Activity: Word for word, reproduce each line of the data below, omitting every image.

Source data:
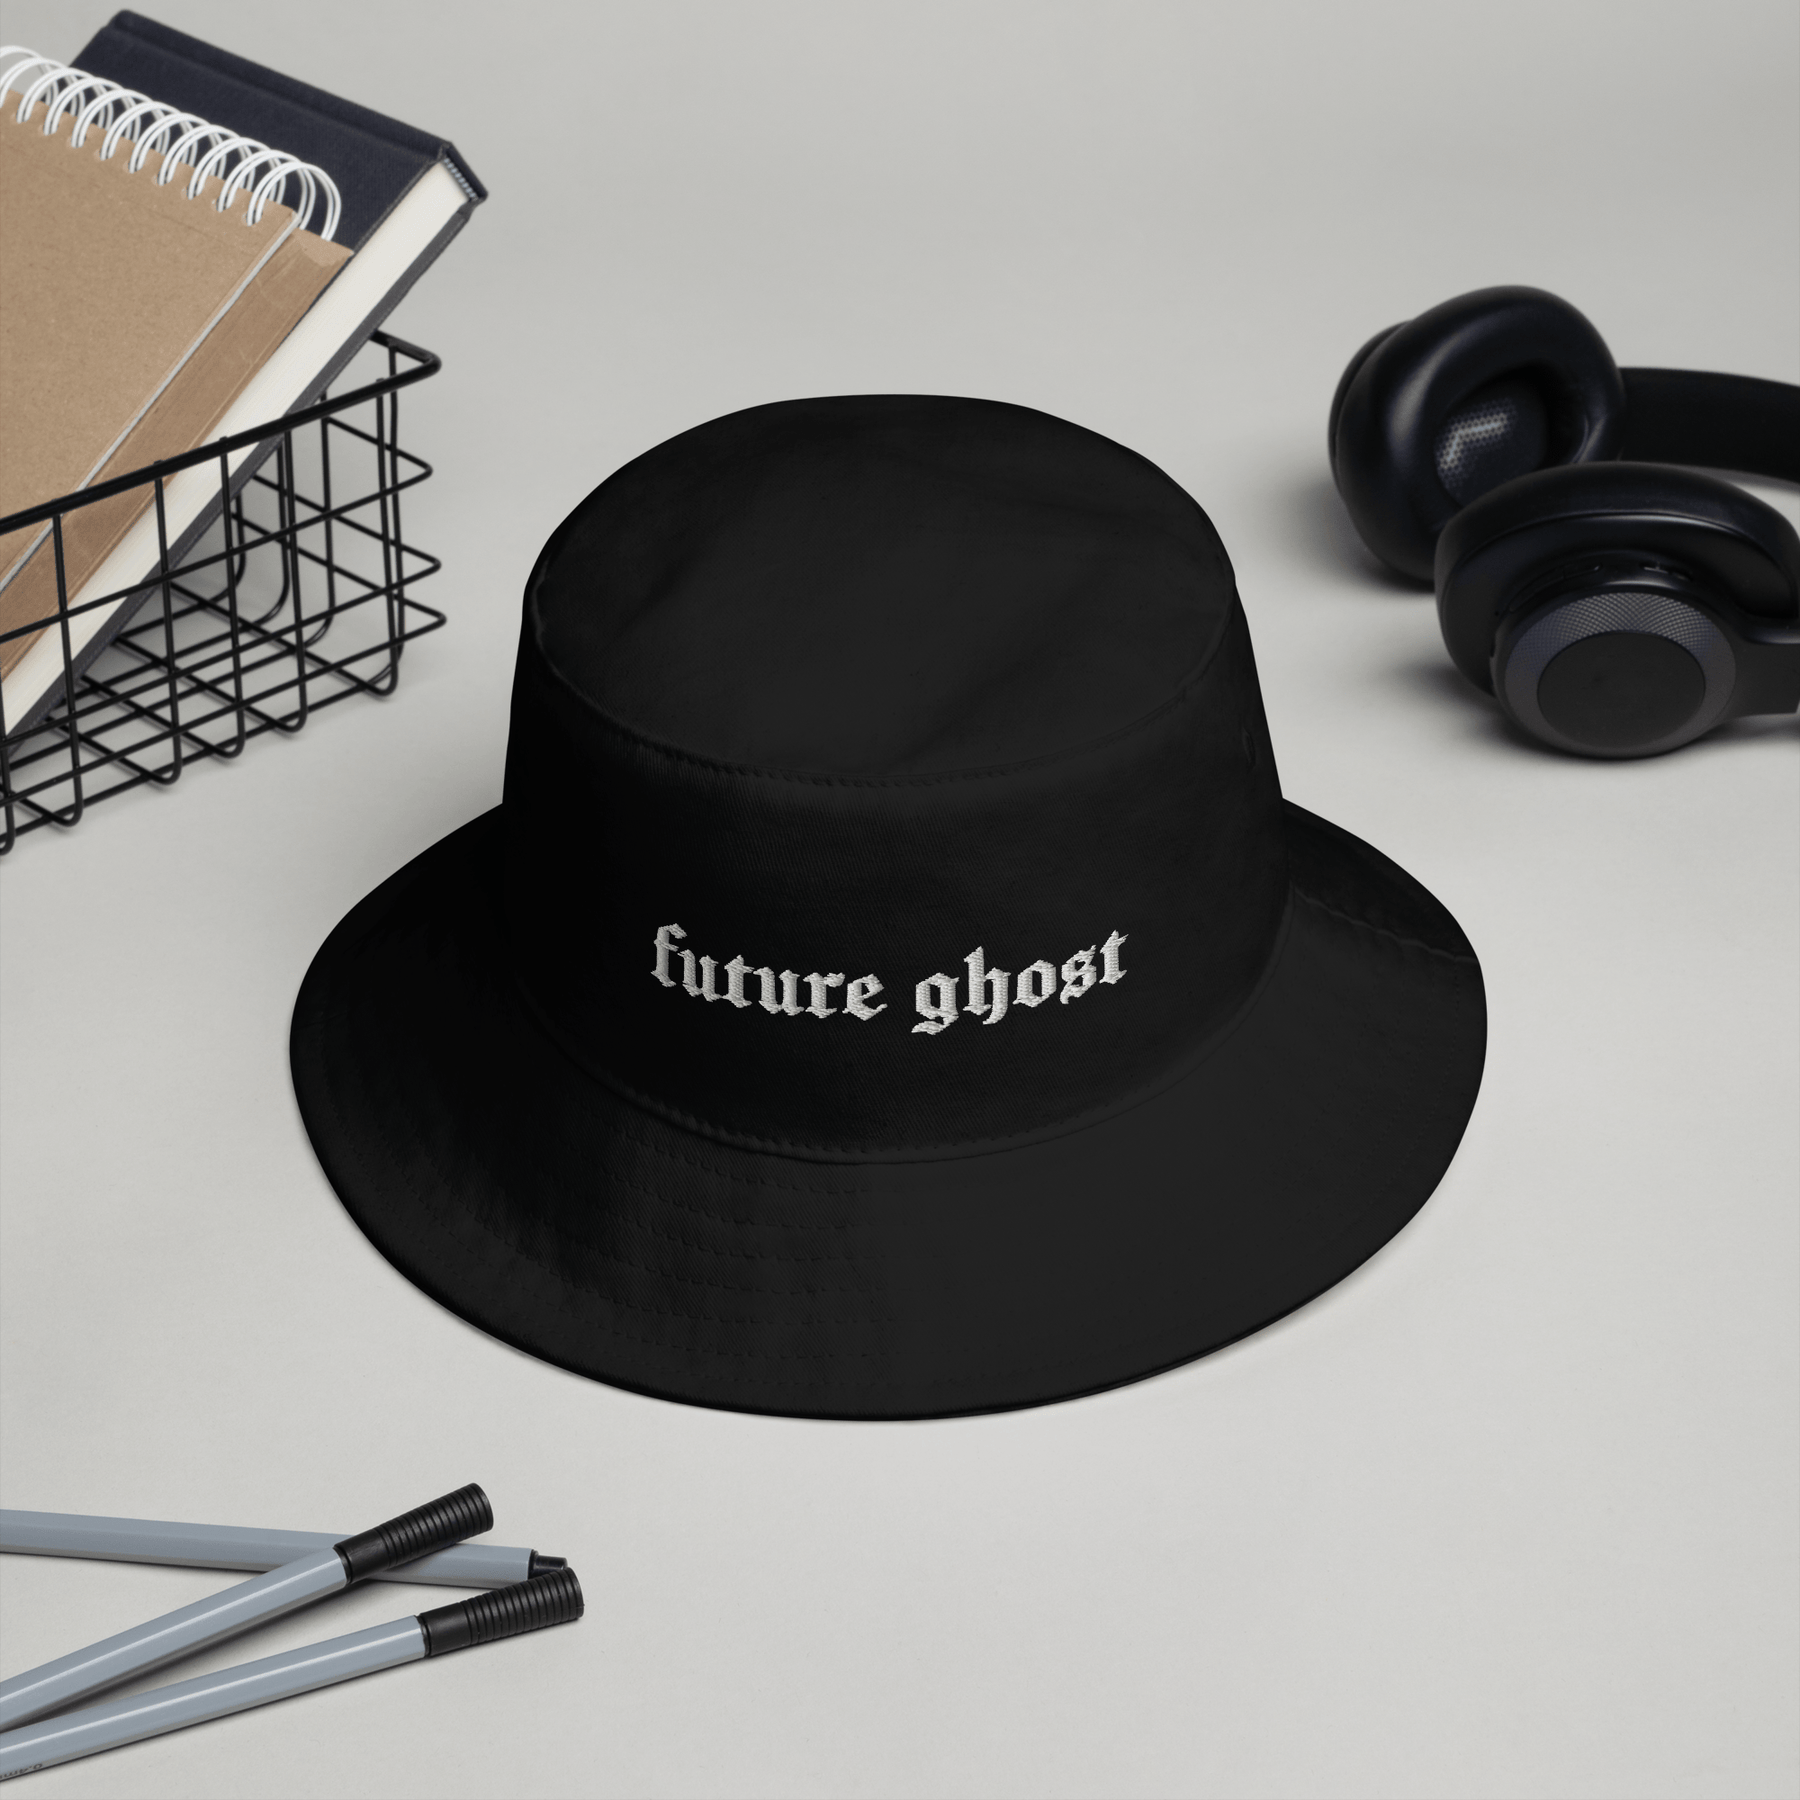 Future Ghost Gothic Bucket Hat - Goth Cloth Co.2715941_10735
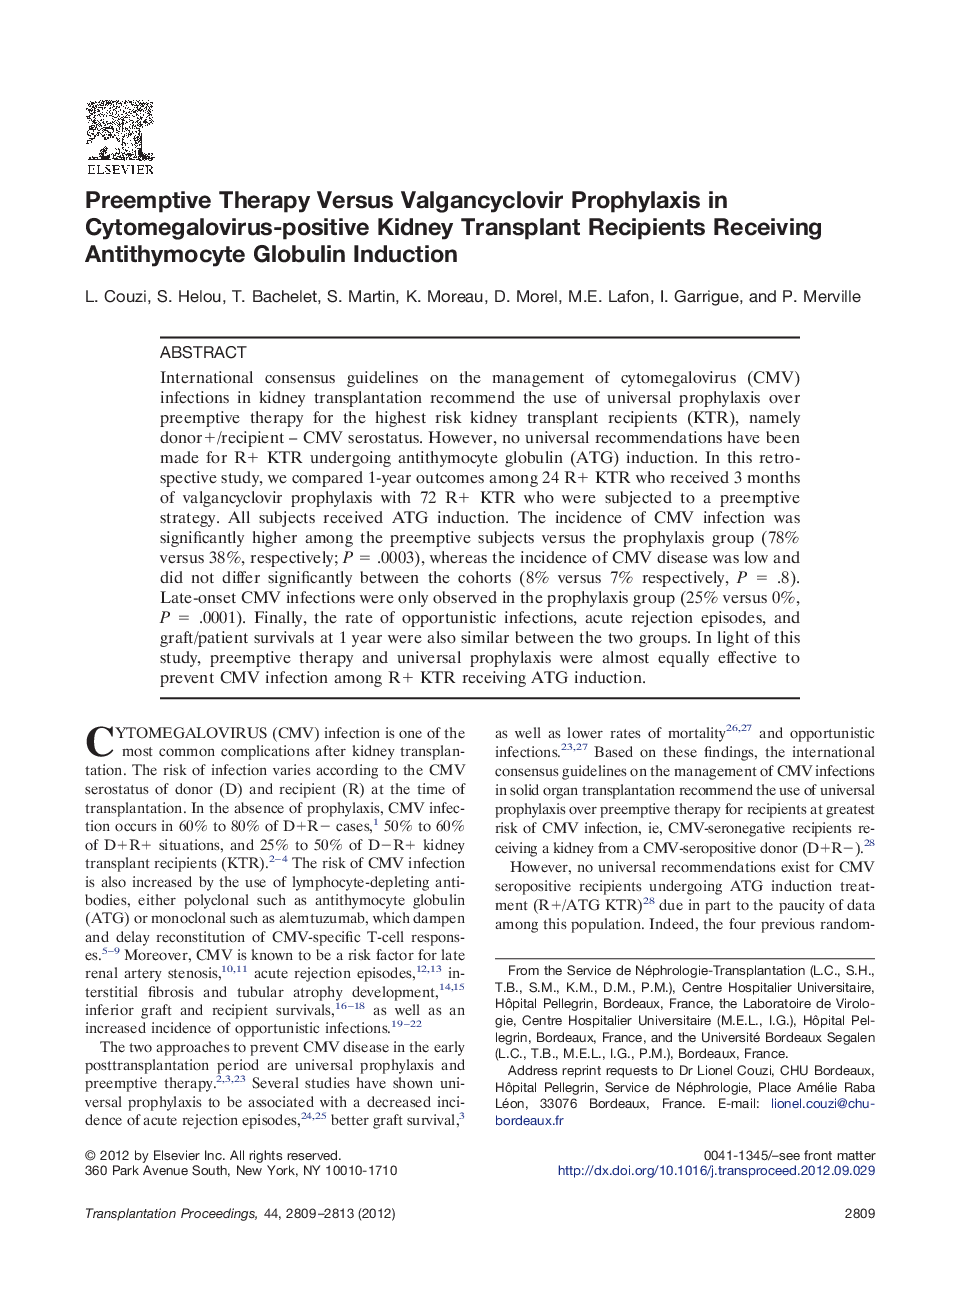 Preemptive Therapy Versus Valgancyclovir Prophylaxis in Cytomegalovirus-positive Kidney Transplant Recipients Receiving Antithymocyte Globulin Induction
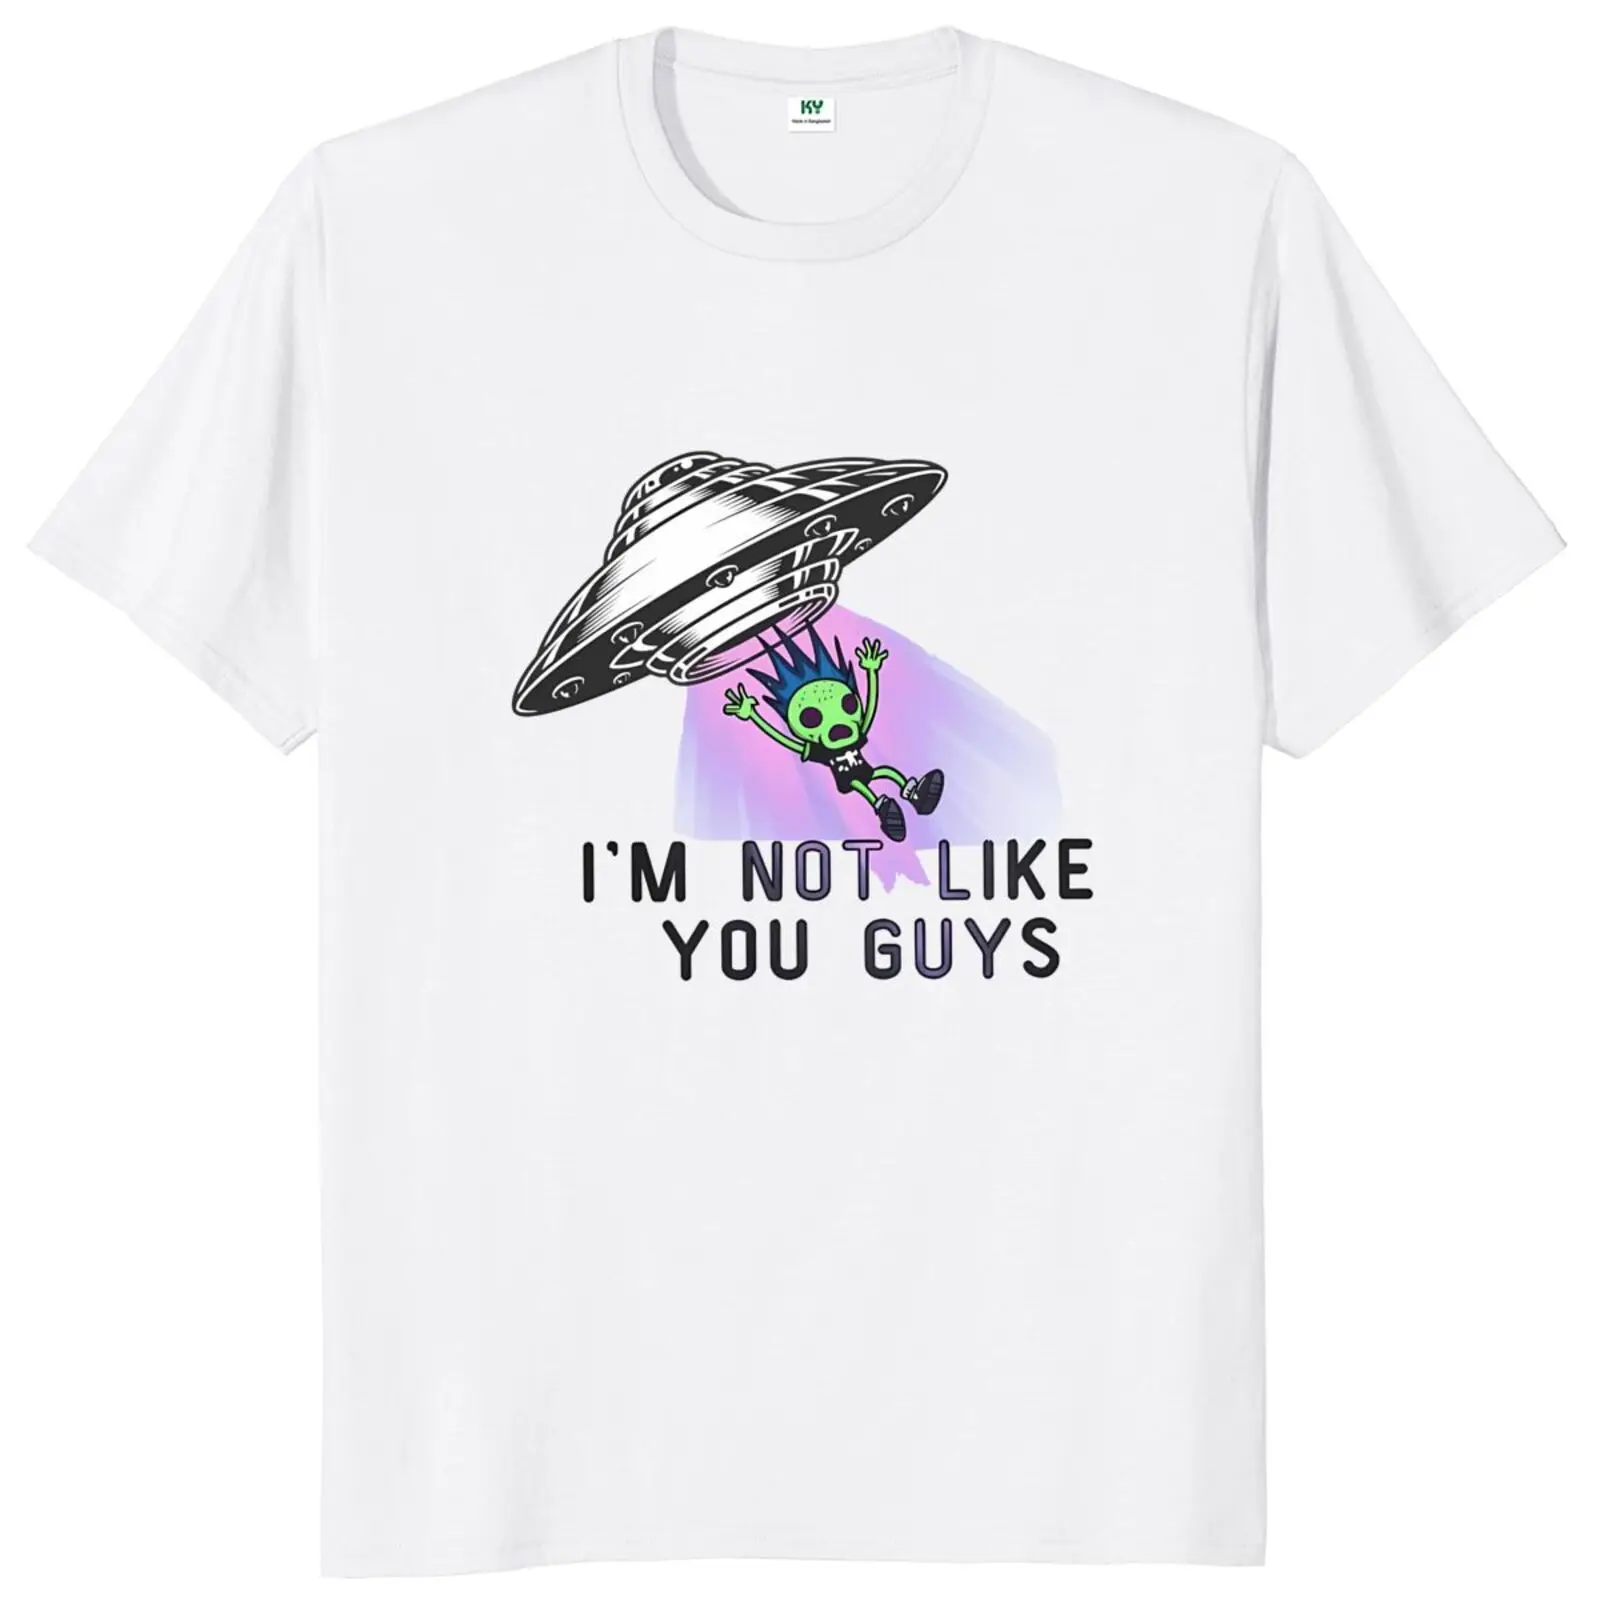 

I'm Not Like You Guys T Shirt Alien Graphic Pop Rock Music Fans Gift Short Sleeve Casual 100% Cototn Unisex EU Size Soft T-shirt
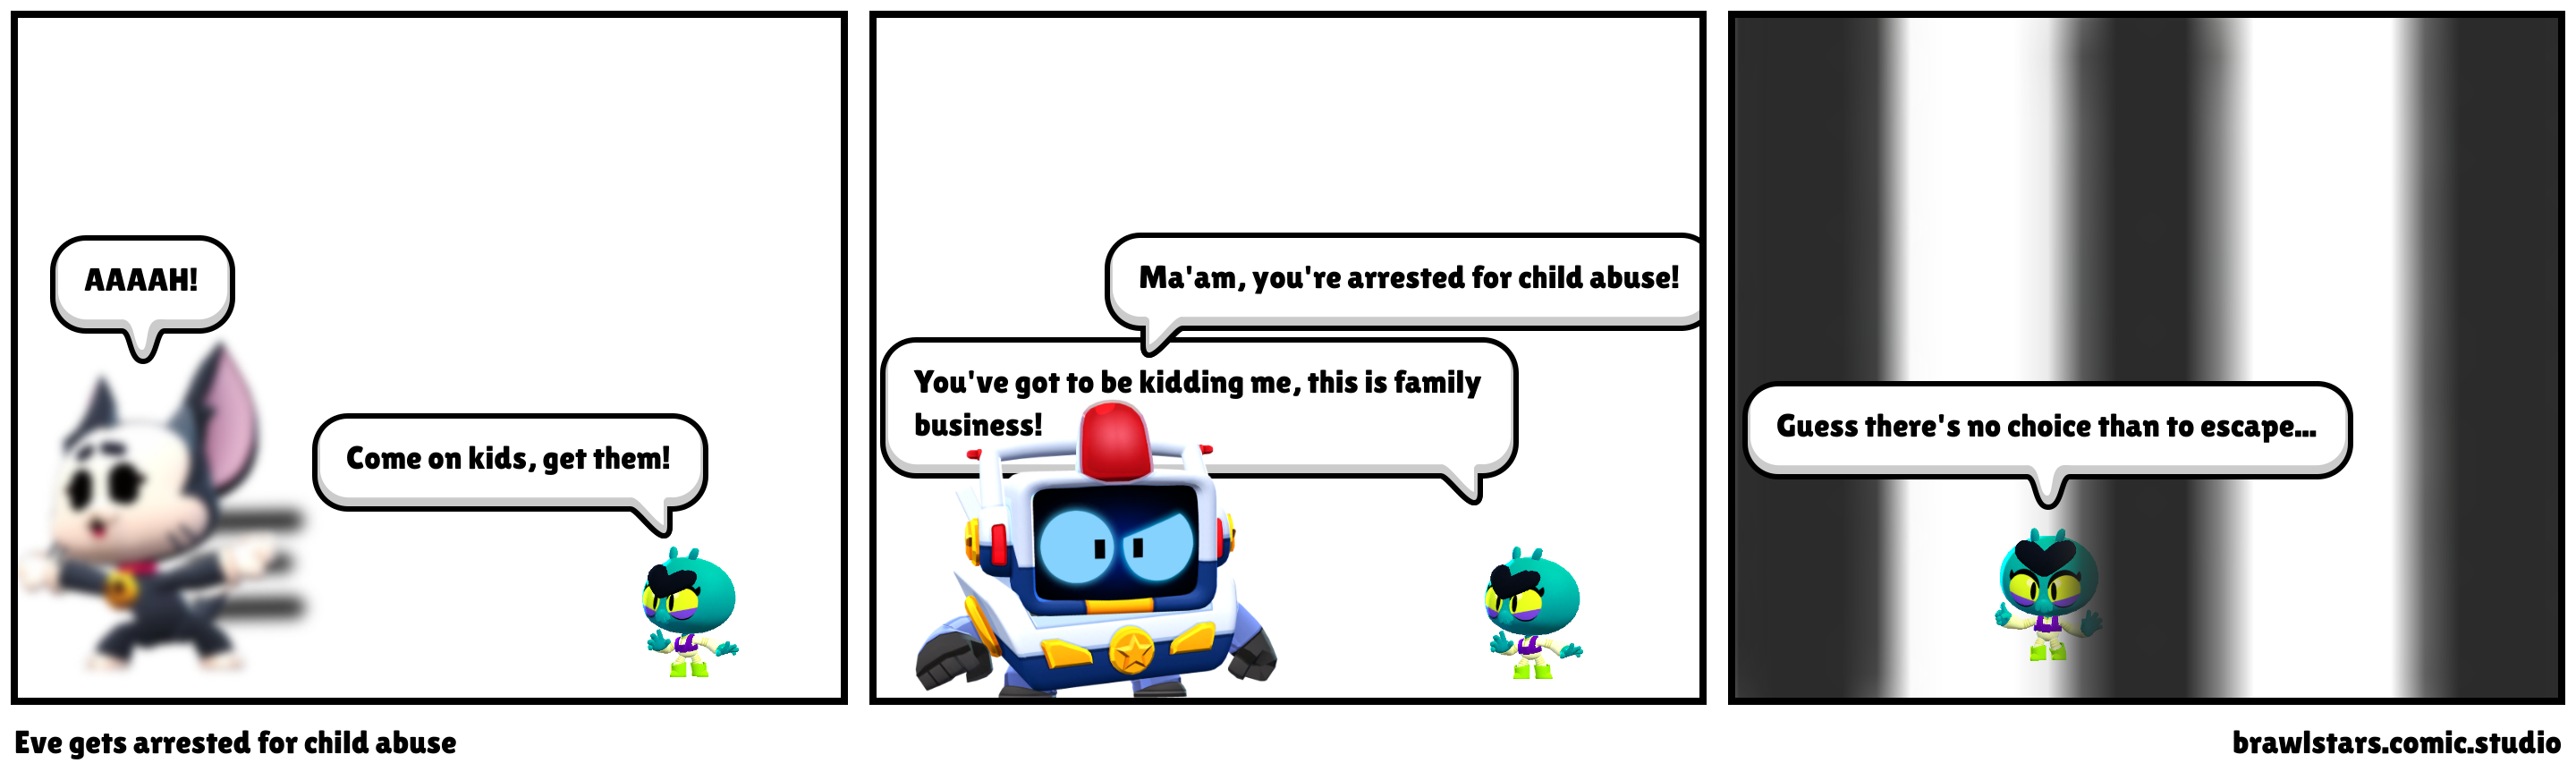 Eve gets arrested for child abuse

Solution to the problem:
 Future Ghost Gothic Bucket Hat - Goth Cloth Co.2715941_10735
 Preemptive Therapy Versus Valgancyclovir Prophylaxis in Cytomegalovirus-positive Kidney Transplant Recipients Receiving Antithymocyte Globulin Induction

I'm Not Like You Guys T Shirt Alien Graphic Pop Rock Music Fans Gift Short Sleeve Casual 100% Cototn Unisex EU Size Soft T-shirt
 Eve gets arrested for child abuse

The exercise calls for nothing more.